The latest revision of ISO 9001 has done away with the preventive action clause, which reads as follows:
“The organization shall determine action to eliminate the causes of potential nonconformities in order to prevent their occurrence. Preventive actions shall be appropriate to the effects of the potential problems.
“A documented procedure shall be established to define requirements for (a) determining potential nonconformities and their causes, (b) evaluating the need for action to prevent occurrence of nonconformities, (c) determining and implementing action needed, (d) records of results of action taken (see 4.2.4), and (e) reviewing the effectiveness of the preventive action taken.”
Taking its place in ISO 9001 is the concept of risk-based thinking, which goes like this:
“Risk-based thinking enables an organization to determine the factors that could cause its processes and its quality management system to deviate from the planned results, to put in place preventive controls to minimize negative effects, and to make maximum use of opportunities as they arise (see Clause A.4)…
“…Risk-based thinking (see Clause A.4) is essential for achieving an effective quality management system. The concept of risk-based thinking has been implicit in previous editions (of ISO 9001)…
“…One of the key purposes of a quality management system is to act as a preventive tool. Consequently, this International Standard does not have a separate clause or subclause on preventive action. The concept of preventive action is expressed through the use of risk-based thinking in formulating quality management systems requirements.”
So, you see? Preventive action has not gone away from ISO 9001. It has been reframed, defined a bit differently. Eliminating whatever might be the cause of a nonconformity, like eliminating the root cause of the needle in the haystack, is possible but is it worth the effort? Diverting resources to that task causes other tasks to be put on hold.

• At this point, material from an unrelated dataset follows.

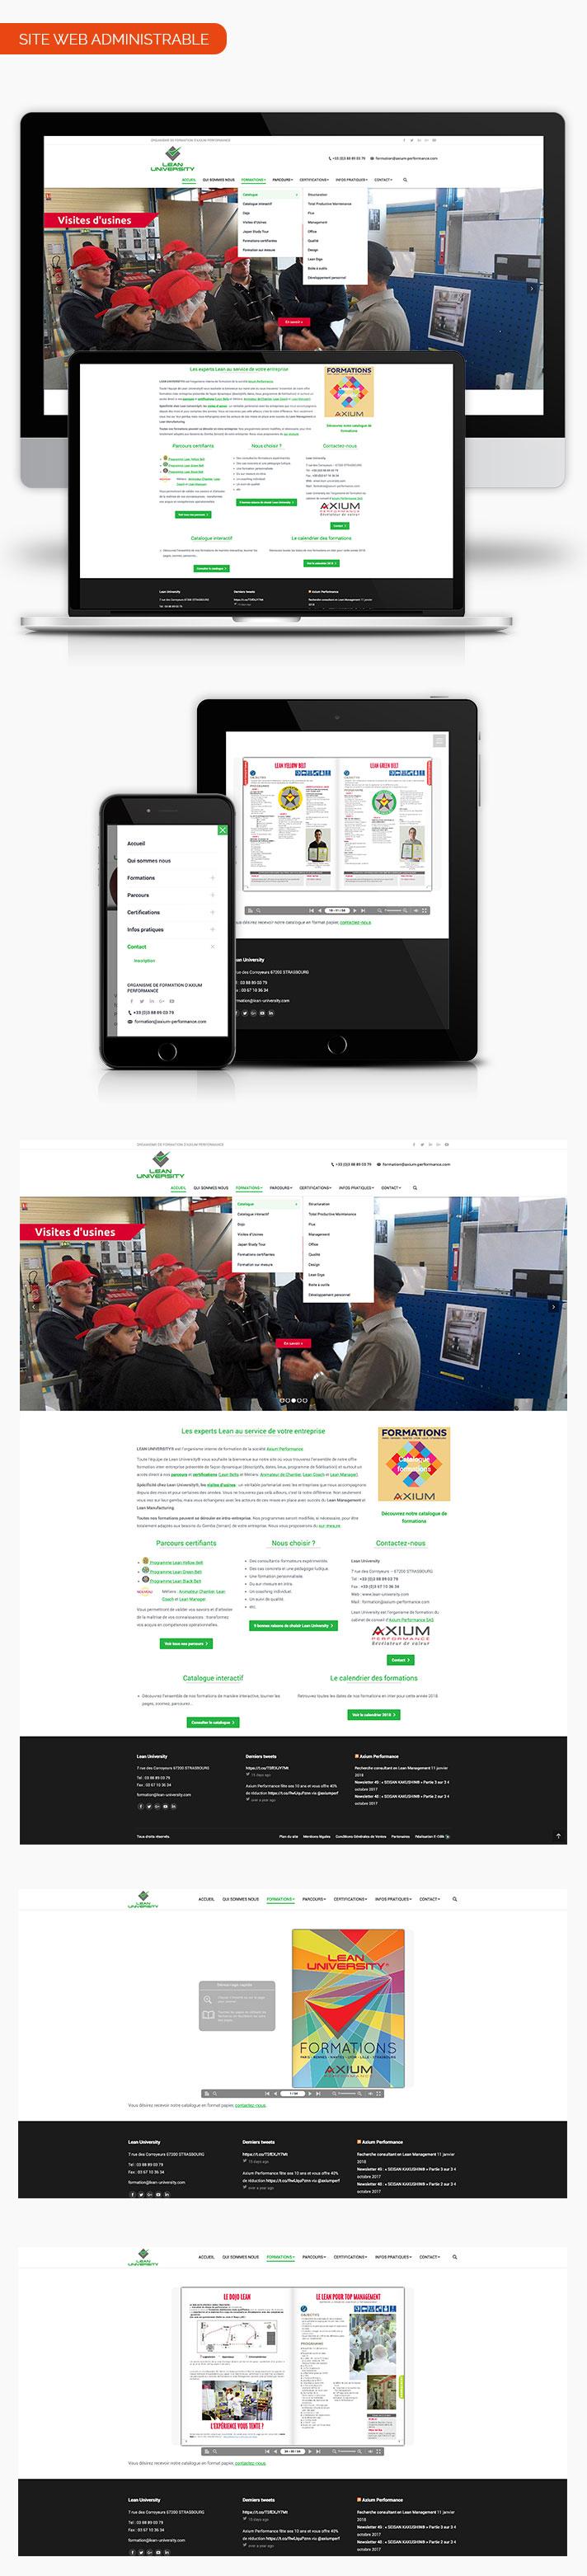 Mockup page site internet Lean university

And, because the 2008 version of the standard buried preventive action deep in the standard and made preventive action a required procedure, the standard itself led to misunderstanding and disuse of preventive actions.
Preventive action is no longer buried in the text of ISO 9001 – it is embedded throughout the latest revision. It can no longer be misinterpreted as a standalone activity.
One more thing – preventive action is not framed in absolute terms. Note how ISO 9001 used to say “prevent occurrence of nonconformities” and how this compares with “minimize negative effects” and “make…use of opportunities”, as well as how ISO 9001 dispenses with a preventive action procedure and instead refers to the QMS in its entirety as a “preventive tool”. By going from a single procedure to the entire QMS, ISO is trying to make organizations like yours and mine see preventive action as a proactive – not a reactive – behavior.
Sometimes, change is a beautiful thing.
 Clause 8.5.3 of ISO 9001:2008, “Preventive Action”
 Often referred to as the “QMS”
 Clause 0.1, ISO 9001:2015
 Clause 0.3.3, ISO 9001:2015
 See Annex A, clause A.4, ISO 9001:2015
 For those of us who haven’t made the switch from ISO 9001:2008 to ISO 9001:2015, it still does, obviously.